Wouldn’t it be nice, I thought, to have my own classical CDs where I could choose the type of music, and where I wouldn’t have to listen to membership campaign drives? So I ordered a handful of classical CDs. (I did not anticipate ordering CDs in 2022.)
At a thrift shop, I also found a whole shelf of CDs and picked up a handful for a dollar each (one included Gershwin’s Rhapsody in Blue, which brought memories of watching Fantasia back to my kids). I realize that I could get classical music from a radio, from Spotify, or elsewhere, but I like being offline. I like having more control and awareness of what I’m listening to. I like being unplugged. There’s something deeply calming about it, not to be interrupted by someone speaking between each track.
Cameras
The point and shoot camera I bought (a Canon Powershot Elph 180) has been disappointing. I thought that even with a point and shoot, I wouldn’t need to do much besides press a button. Nope. I have to re-learn how to use a camera as well. Even after learning how to use it, though, the pictures are still poor. I searched online for a better point and shoot and realized that all good options cost more than I want to spend (for example, most decent options are around $500).
Then I remembered that I actually have an old Nikon DSLR (digital single lens reflex) camera, a D60, which I got for my wife about a decade or more ago, before the smartphone revolution, and had tucked it away in a closet. We stopped using it because it was too bulky to carry around, I guess. Then the cameras on smartphones got pretty good, and it seemed redundant.
As I played around with the DSLR, I realized that it takes fantastic pictures! I ordered some smaller lenses (35 mm and 50 mm) to make it more portable, rather than the default 18-55 mm zoom lens. Granted, this DSLR is bulky and not something I can stuff in my pocket. But you know what? I’ve noticed that I mostly just take pictures during events. For example, a final track meet for my daughter. Or a trip to a new place. Or during a social outing somewhere. During these events, it’s okay to bring a camera. I don’t actually need to have a camera always in my pocket (and if I do, my flip phone has a crappy camera that I can resort to, for example, to take a picture of where I parked).
I just printed out the Nikon D60 manual (200 pages long), and have started to read it, re-learning how to actually use the camera. I have to remember what aperture, ISO, shutter-speed priority, aperture priority, F-stops, etc., all mean. I’d forgotten how smartphones have basically made cameras so dead simple that one doesn’t need to know anything about photography anymore.

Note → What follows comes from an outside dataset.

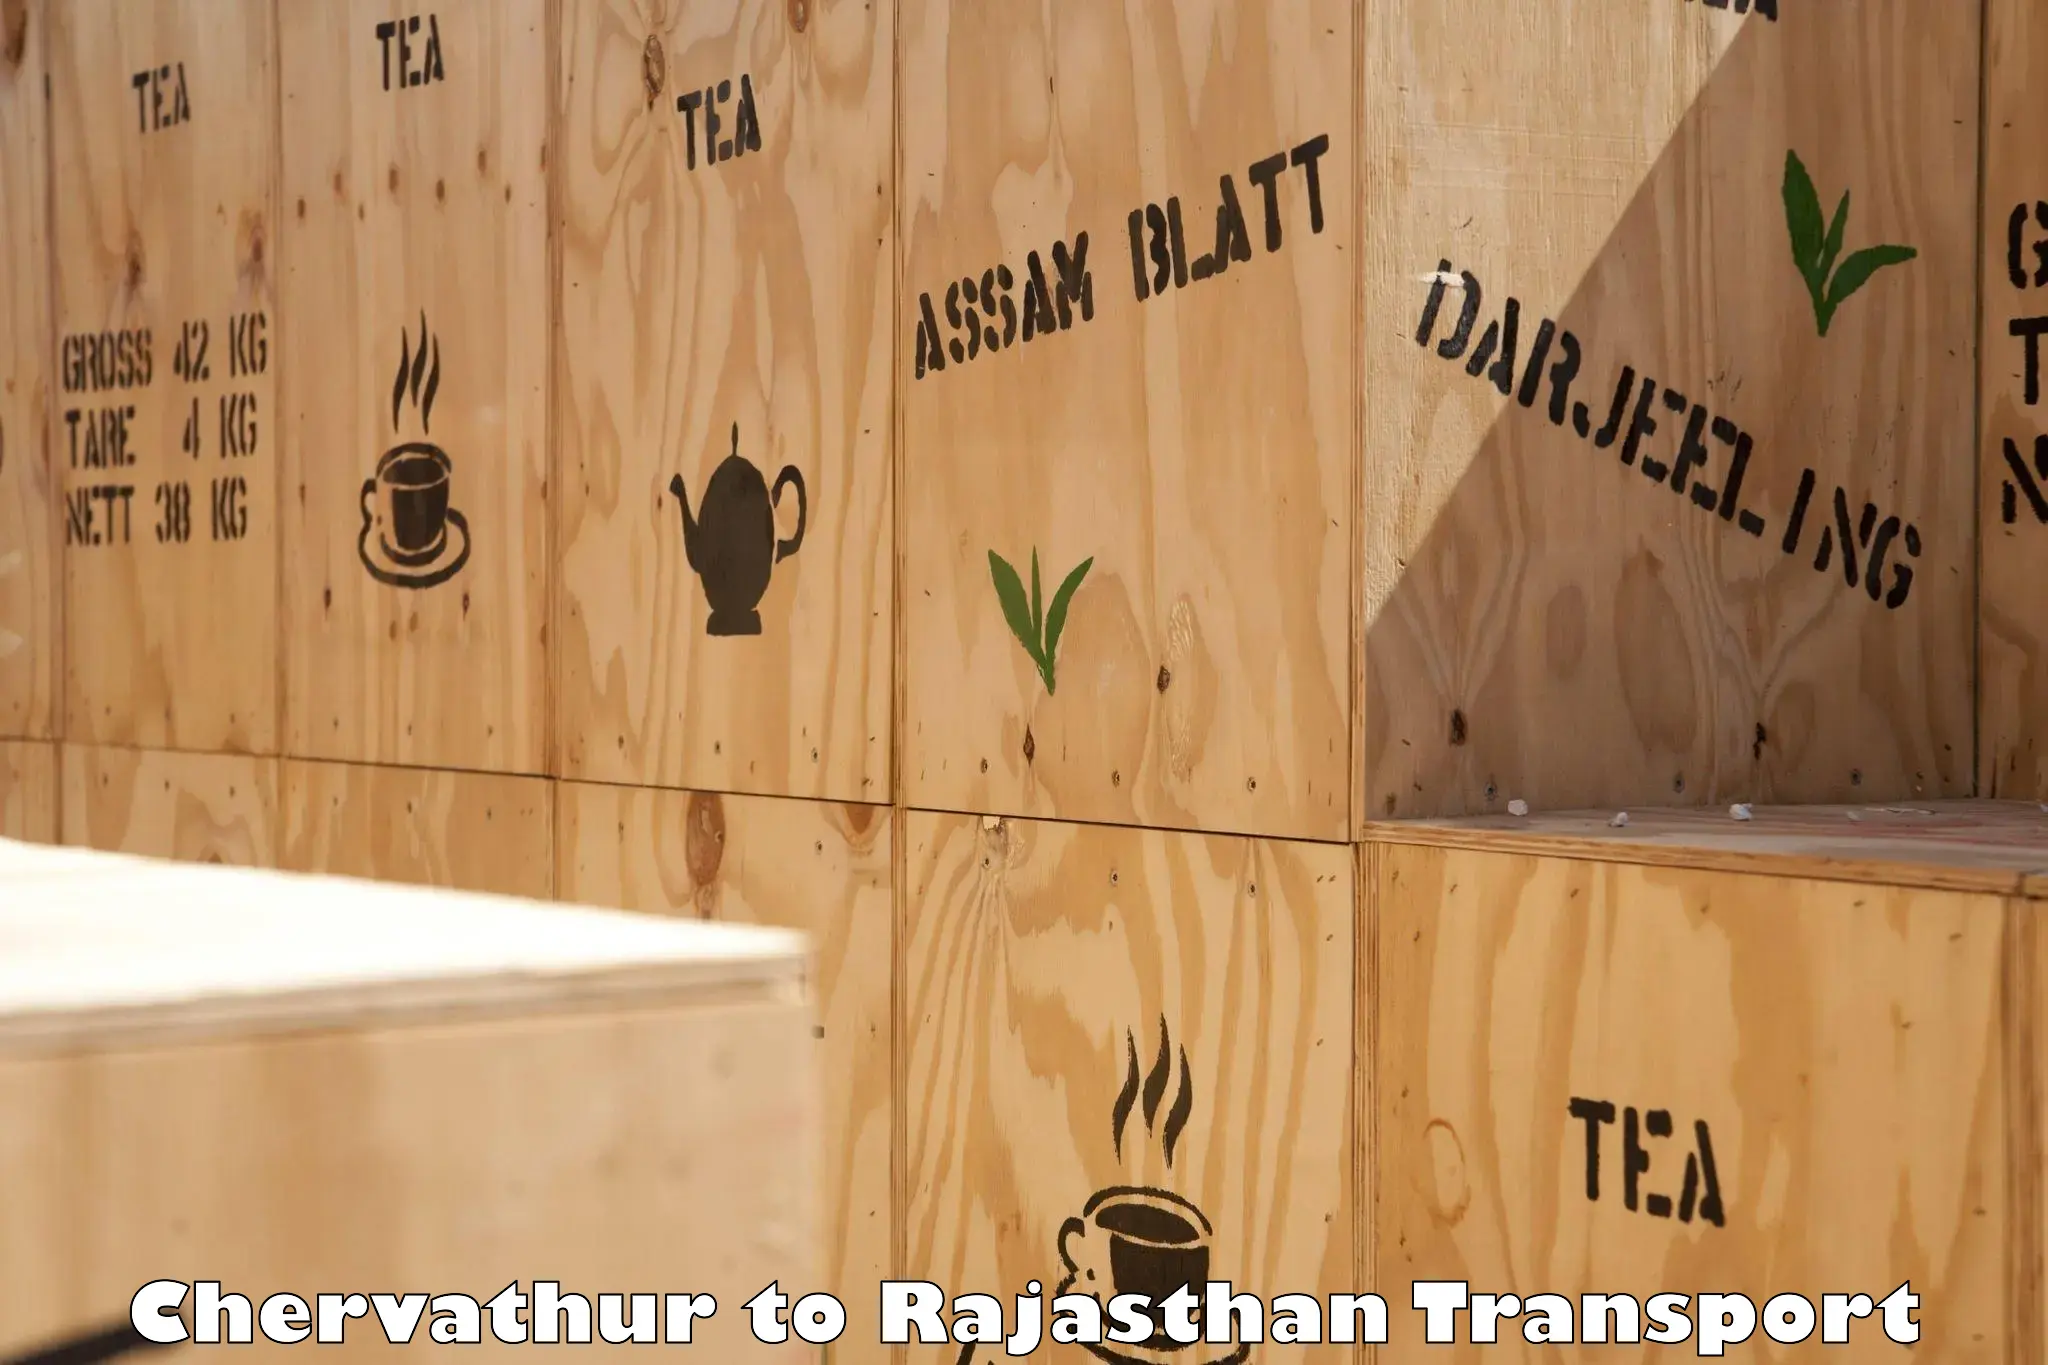 Transport in sharing Chervathur to Rajasthan

Rediscovering my old camera made me think that perhaps those apps on my smartphone that I thought were indispensible — the camera, the mapping application, etc. — might not be so great after all. Could life actually be better without them? So far, yes! Taking pictures is fun again.
Here are some pictures I took with my DSLR today. I feel like I’m rediscovering photography.
I remember taking photography in high school and loving it (especially developing photos in the darkroom). In using a smartphone, I seem to have totally forgotten how enjoyable it actually is to take pictures — for example, to swap in a 50 mm lens and take closeups so that the background totally blurs out, directing focus to the subject.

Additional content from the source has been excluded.